Unlike hypereutectoid steels, carbon is not deposited as cementite at the grain boundaries, but is absorbed by the surrounding austenite during \(\gamma\)-\(\alpha\)-transformation!

With further cooling, the ferrite grains grow, so that more and more carbon diffuses into the surrounding austenite grains. This leads to a corresponding enrichment of the carbon content in austenite. The respective concentrations can be determined – as is usual in two-phase regions – after approaching the phase boundary and subsequently drawing a vertical line onto the concentration axis. At 750 °C, for example, the carbon content in austenite has increased to approx. 0.6 %, while the carbon concentration in ferrite is of course 0 % due to neglected solubility.

With further cooling and thus increasing ferrite formation, the carbon in the retained austenite accumulates more and more. At 723 °C, the carbon content finally rose to 0.8 %. The retained austenite has now reached the eutectoid composition and is completely saturated, i.e. it can no longer absorb any more carbon. The retained austenite now behaves like a eutectoid steel and finally begins to convert to the eutectoid pearlite at a constant temperature.

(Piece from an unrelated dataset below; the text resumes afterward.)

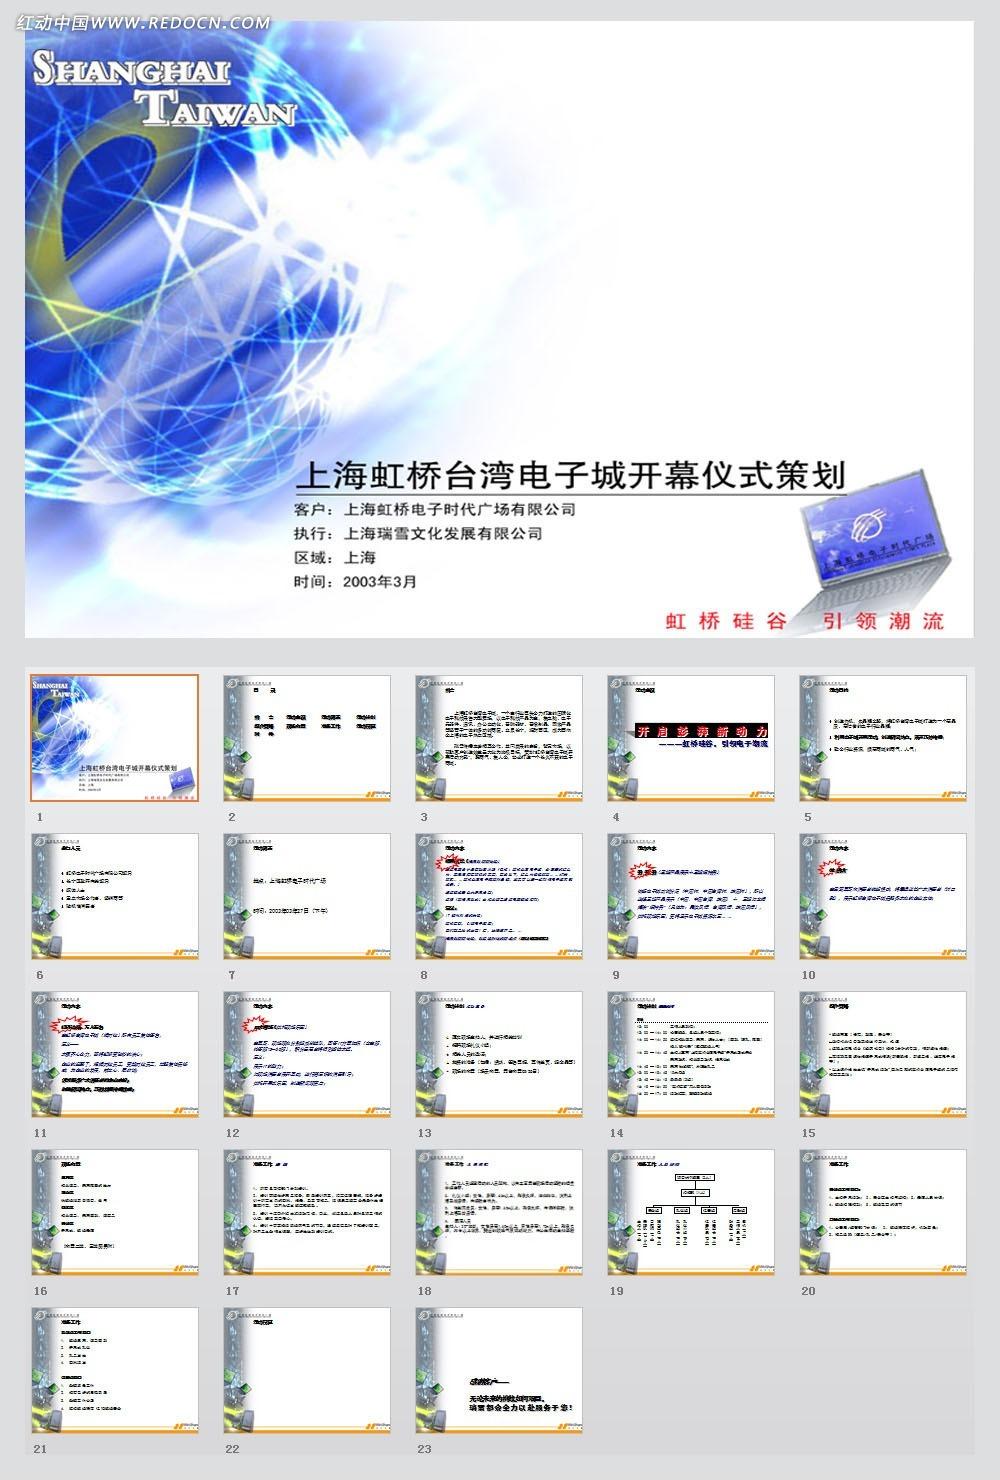 虹桥台湾电子城开幕式企划案ppt模板

Due to the transformation of ferrite from the austenite, it is enriched with carbon until the eutectoid composition is reached at 723 °C and the retained austenite is converted to pearlite.

Thus, the remaining austenite also undergoes the lattice transformation into the carbon-insoluble ferrite structure. The carbon formerly dissolved in the austenite lattice forms the iron carbide compound cementite, which precipitates in lamellar form from the residual austenite during the lattice transformation.

At room temperature, hypoeutectoid steels have a pearlitic basic structure (ferrite grains with embedded cementite lamellae) with the previously formed ferrite grains!

The micrograph below shows a hypoeutectoid steel with 0.45 % carbon (quenched and tempered steel C45). The ferrite grains (white) and pearlite grains (dark stripes) can be seen. In comparison, a microstructure of a hypoeutectoid steel with a higher carbon content of 0.60 % (quenched and tempered steel C60) is shown. Due to the higher carbon concentration, the C60 also has a significantly higher pearlite content in the microstructure.

Micrograph of hypoeutectoid steel with a carbon content of 0.45 % (C45)
Figure: Micrograph of hypoeutectoid steel with a carbon content of 0.45 % (C45)
Micrograph of hypoeutectoid steel with a carbon content of 0.6 % (C60)
Figure: Micrograph of hypoeutectoid steel with a carbon content of 0.6 % (C60)

Note

Note that the \(\gamma\)-\(\alpha\)-conversion is always completed at 723 °C regardless of the actual carbon concentration of the steel, as the retained austenite has always reached the eutectoid composition of 0.8 % carbon at this temperature. This applies not only to hypoeutectoid steels but also to hypereutectoid steels!

While for hypoeutectoid steels the carbon concentration in residual austenite accumulates up to 0.8 % carbon due to ferrite precipitation, for hypereutectoid steels the carbon concentration in residual austenite decreases due to cementite precipitation at the grain boundaries until 0.8 % carbon is also reached there. In both cases, this eutectoid composition of retained austenite is reached at a temperature of 723 °C and the retained austenite always decomposes to pearlite at this constant temperature.